If he didn’t want to get his hopes up, he certainly didn’t want to get hers up. Dealing with his own crushing disappointment would be difficult enough. “Just a suspicion I have,” he said.

“Be careful with her,” Sophie whispered. “She is quite fragile.”

“As careful as I’ll be with our own someday.”

“Why did you come to Fairhaven, Uncle Gabriel?” Aurelie asked, keeping her step even with Gabe’s while they trailed after her younger sister who raced through the woodlands as though she was born to it.

He certainly wasn’t about to admit it was to sell the place, especially as he’d decided he couldn’t do any such thing with his newfound relations inhabiting the cottage. “I’m looking in on all of the Northwold holdings. The best way to do that is see everything with my own eyes.”

“Because Uncle Clayton is dying?” she cast him a sidelong glance.

“I’m afraid he is.”

“He saved us, you know?” she said quietly. “Mama cried nearly half the journey to England, so relieved that Uncle Clayton sent someone to free us.”

“I will try my best to take care of you in his absence,” Gabe promised, meaning every word. Had things been different, had his father been a decent man, Augusta would have been raised in England, the daughter of an earl and her life would have been so different. She wouldn’t know her way around a kitchen. She and her children wouldn’t have been marched from Frenchtown to Fort Macon with only the clothes on their backs. And he’d have bet his last farthing, she would still be in the possession of two good eyes and perfect legs.

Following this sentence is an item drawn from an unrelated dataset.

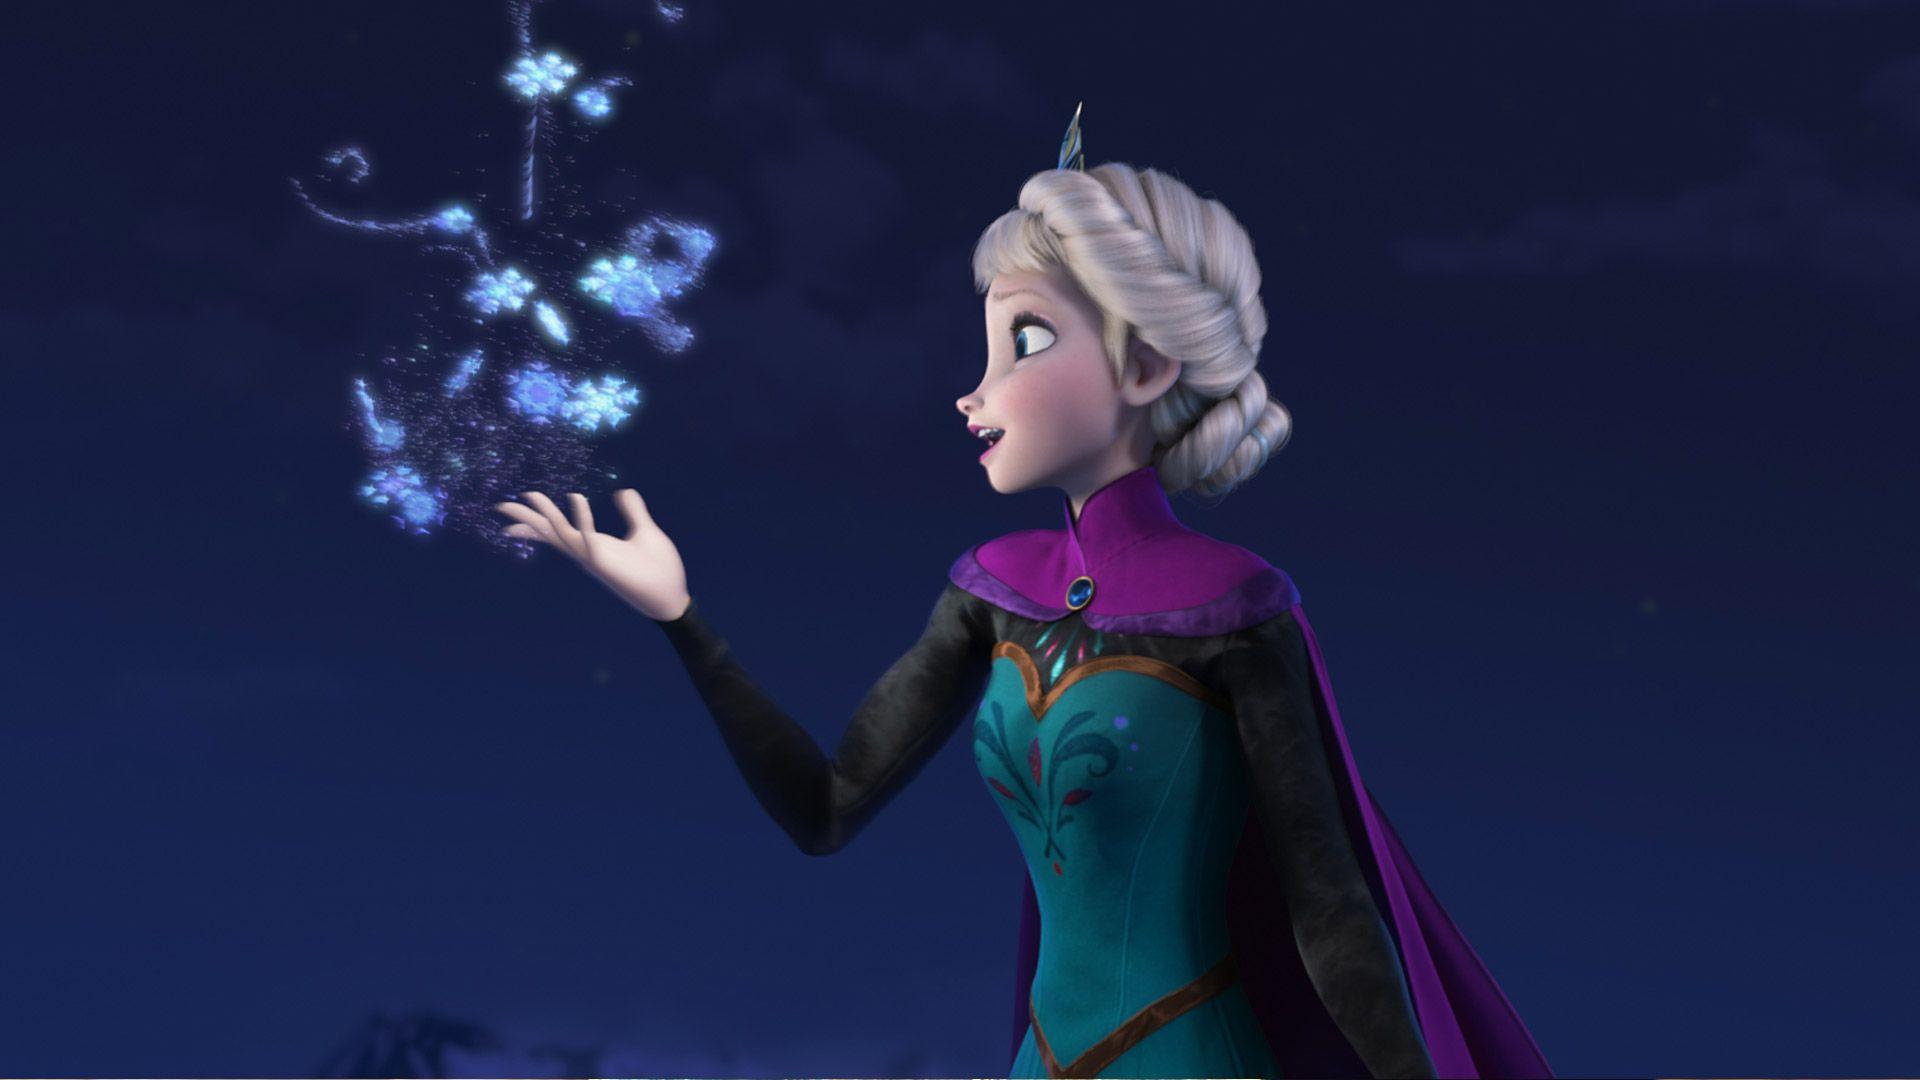 Disney Movie Frozen Character-Queen Elsa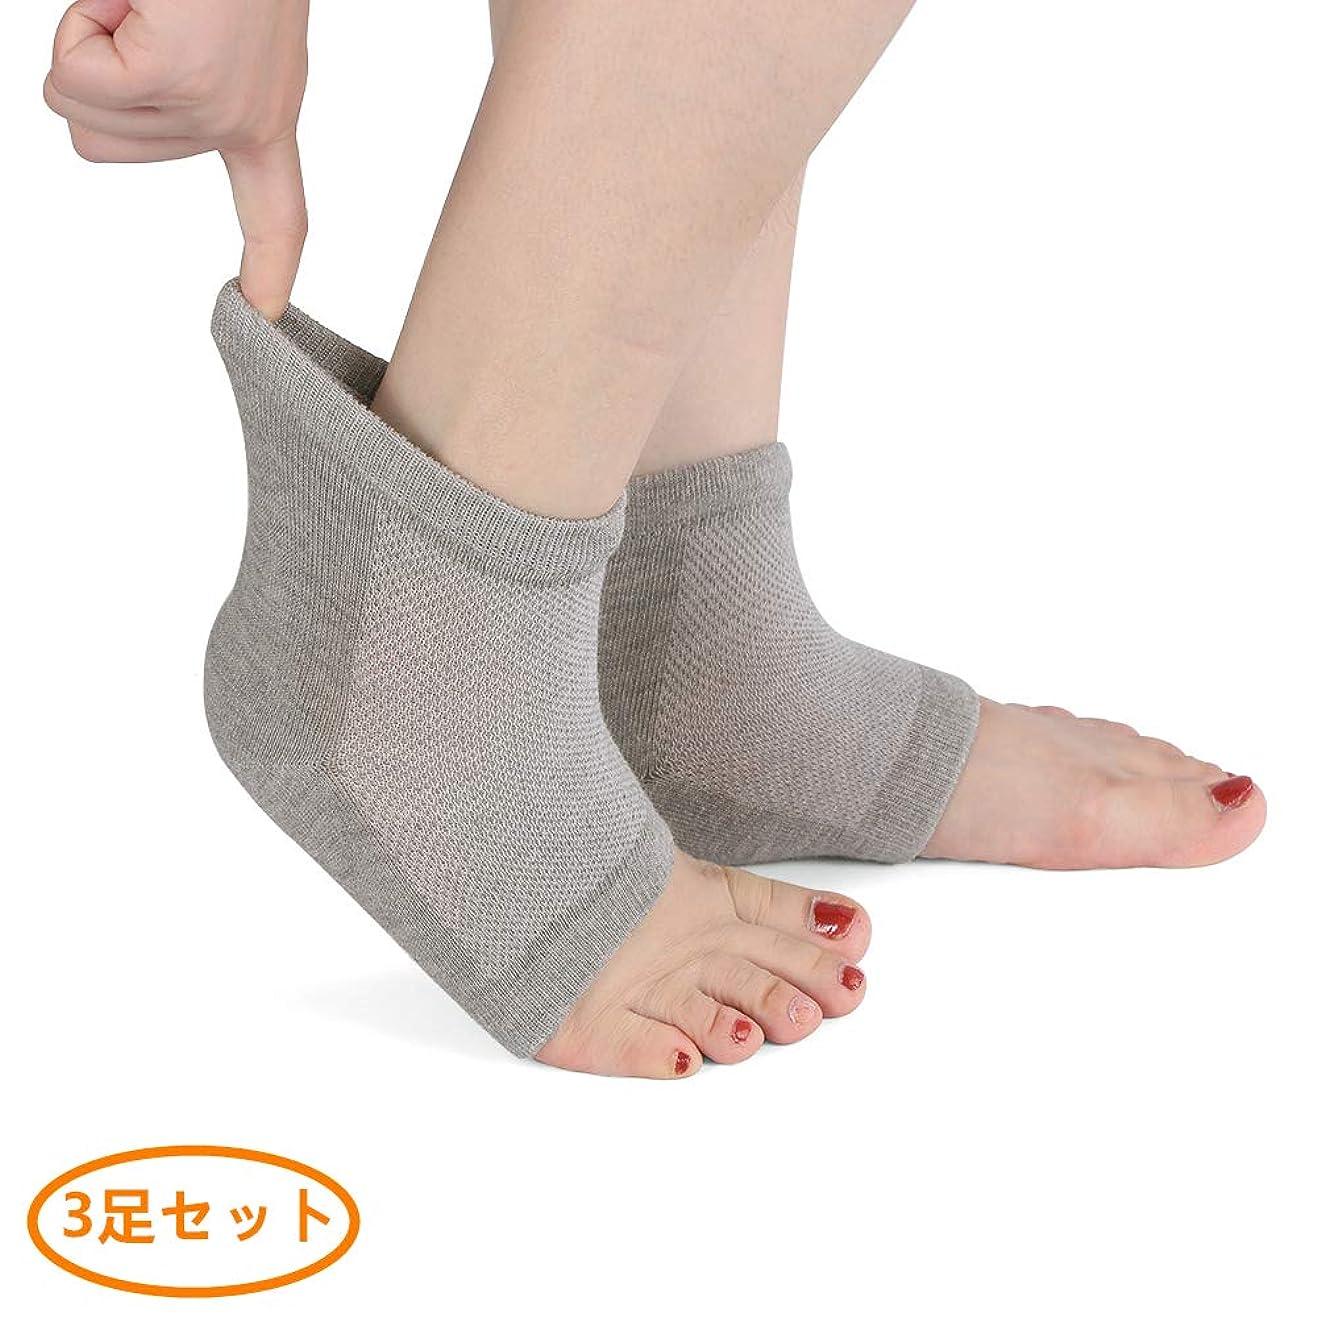 パーフェルビッドハグけがをするYUANSHOP1 かかとケア ソックス 3足セット かかと靴下 レディース メンズ ひび割れケア/角質除去/保湿/美容 足SPA 足ケア フリーサイズ (グレー)

“I’m gathering from your names and your papa’s,” he began, changing the subject, “that he was French.”

“Oui,” Aurelie smiled up at him. “Papa came to America as a boy from Marseille.”

Gabe nodded as he listened. “Was he a tradesman or…?”

“Papa and Uncle Charles were both fur traders. We all left the Hudson Bay for the Michigan territory when I was one.”

“When you were one?” Gabe laughed as he shook his head. “Certainly you don’t remember that trip.”

“Certainly not,” she agreed. “But my sister Eloise said I cried the entire journey and drove her half-mad.”

“Here!” Ismérie called to them, leaving the path and pushing her way through an opening in the forest.

“What are you looking for, Uncle Gabriel?” Aurelie asked as they increased their pace through the foliage.

“Salvation, Aurelie,” he replied, worried that his hopes were already too high. “Salvation.”

They followed Ismérie a little ways toward a rambling brook and then she stopped by a large oak tree. “I think it was right around here,” she said, bending over to look at the ground.

Gabe stopped beside her and sunk down to his haunches, he ran his fingers over the moss and stones, turning them over and rubbing his thumbs across their faces looking for any sort of trace of silver.

“Any luck?” Aurelie asked, standing behind them.

“Not yet.” Gabe glanced over his shoulder at the girl. “See if you can find any stones that look silvery.”

“Silvery?”

“Or streaked with silver.”

“All right.” His older niece nodded, bent at the waist, and began rummaging through the mossy and muddy ground.

Aurelie had the devil’s own luck. “Like this?” she asked, lifting up the very first stone she touched.

A smoky quartz with a definite streak of silver running through it. Gabe’s pulse began to race as he leaned closer to Aurelie. “That’s it! Thatisit! Let’s see if we can find some more.”